Opinion

17 June 2012

Sustainability in a World of 9 Billion people: It’s All About Choices

Portuguese

The world’s population surpassed 7 billion last October and is expected to grow to 9 billion by the middle of this century. The paramount challenge of sustainability is to meet the needs of 7 billion consumers now—and the billions more to come—while protecting the intricate balance of nature that sustains life.

Demands for water, trees, food and fossil fuels will only increase as world population grows. Human activity has altered every aspect of our planet, including its climate. Shortages of clean water and arable land are already a problem in many parts of the world, and the resilience of ecosystems—from fisheries to forests—is threatened.

Rising expectations everywhere put more pressure on the earth, and will require everyone to adopt more efficient, “greener” ways so that all people may have decent lives. Our collective future depends on rapidly lowering greenhouse-gas emissions while reducing excessive consumption, particularly in the wealthier countries. Greater social equity and slower population growth can contribute to sustainability, but only if individuals and governments alike make the right choices.

We must all begin with a choice about what kind of planet we want to pass on to our children and grandchildren. Individuals, especially in the industrialized countries, can make small choices about their lifestyles that can have a big impact on the local and global environment. Each of us can choose actions that will protect the planet and still help increase the quality of life for all of humanity.
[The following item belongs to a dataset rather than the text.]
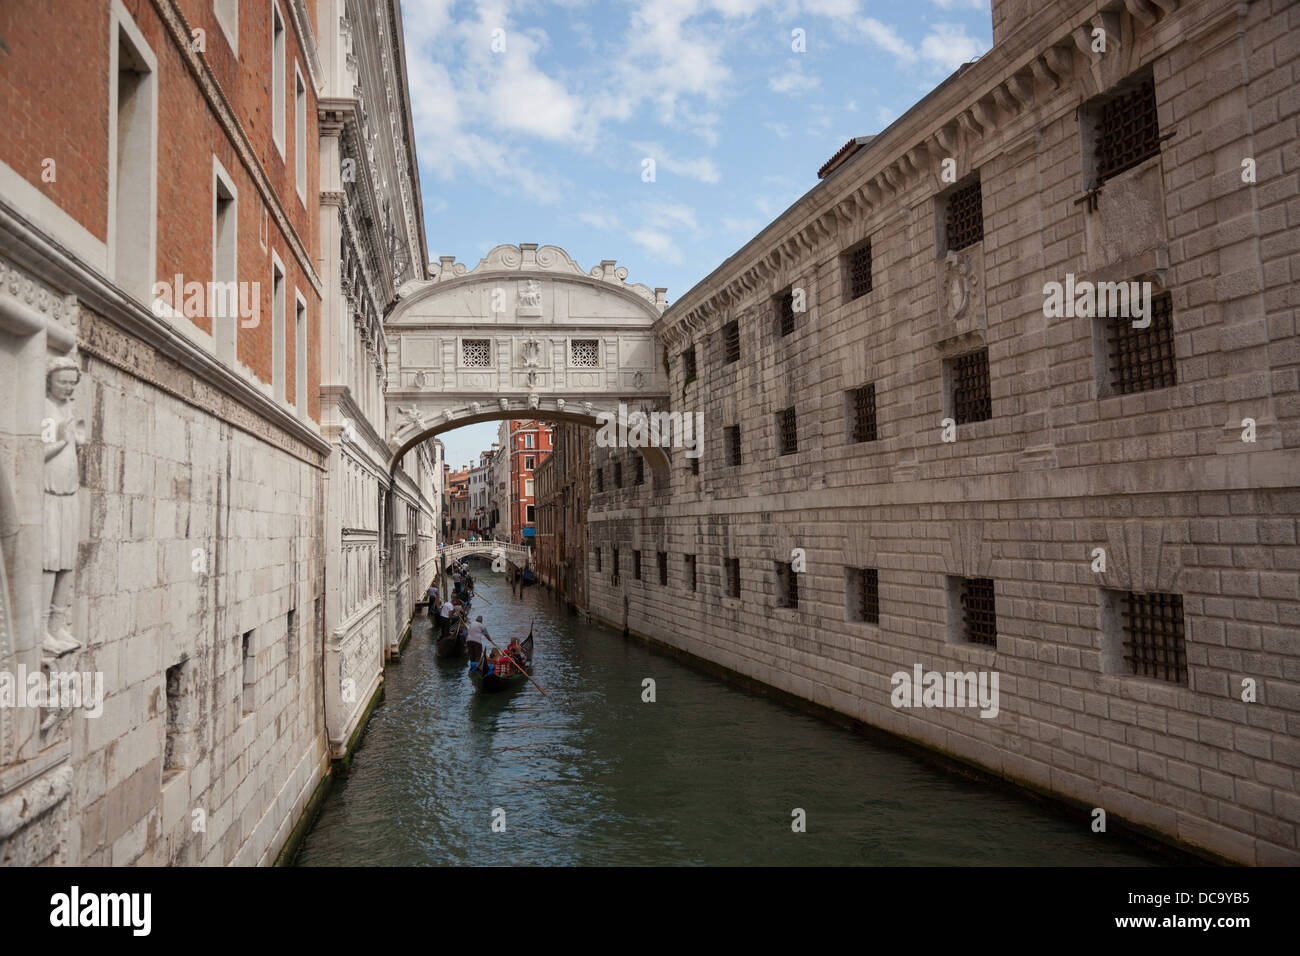 The front view of the Venice's famous Bridge of Sighs (Italy). La vue de face du célèbre Pont des Soupirs, à Venise (Italie). Stock Photo

But not everyone has the power to make choices. Lack of opportunities precludes many people from making free and informed decisions about many aspects of their lives. One of these relates to family size. More than 200 million women and girls want to use contraception but lack access to it. When contraceptives are unavailable—for cultural, social, economic or any other reason—individuals have neither the power nor the means to decide how many children to have or when to have them.

We should adopt and invest in national and international policies that can improve people’s options by making universal access to sexual and reproductive health services—especially voluntary family planning—a reality. This point was underscored by the United Nations Secretary-General’s High-level Panel on Global Sustainability We should also invest in educating and empowering women and youth as agreed at the Cairo International Conference on Population and Development and in the Millennium Summit.

Such measures can help reduce infant, child and maternal deaths, slow population growth — and create the conditions for a truly sustainable environment.

Actions by individuals, governments and civil society can empower and increase opportunities for each woman and young person to improve their lives and be part of the environmental solution instead of bearing the brunt of the problem. Empowering women and young people will help ensure that when the dawn of a world of 9 billion consumers breaks, our planet is thriving, healthy and sustainable Let’s create and invest in the opportunities that will allow people everywhere to make the right choices that will sustain our planet, promote equity and social justice and improve people’s lives now and into the future.

This Op-ed by UNFPA Executive Director Babatunde Osotimehin was published in Portuguese in O Globo newspaper.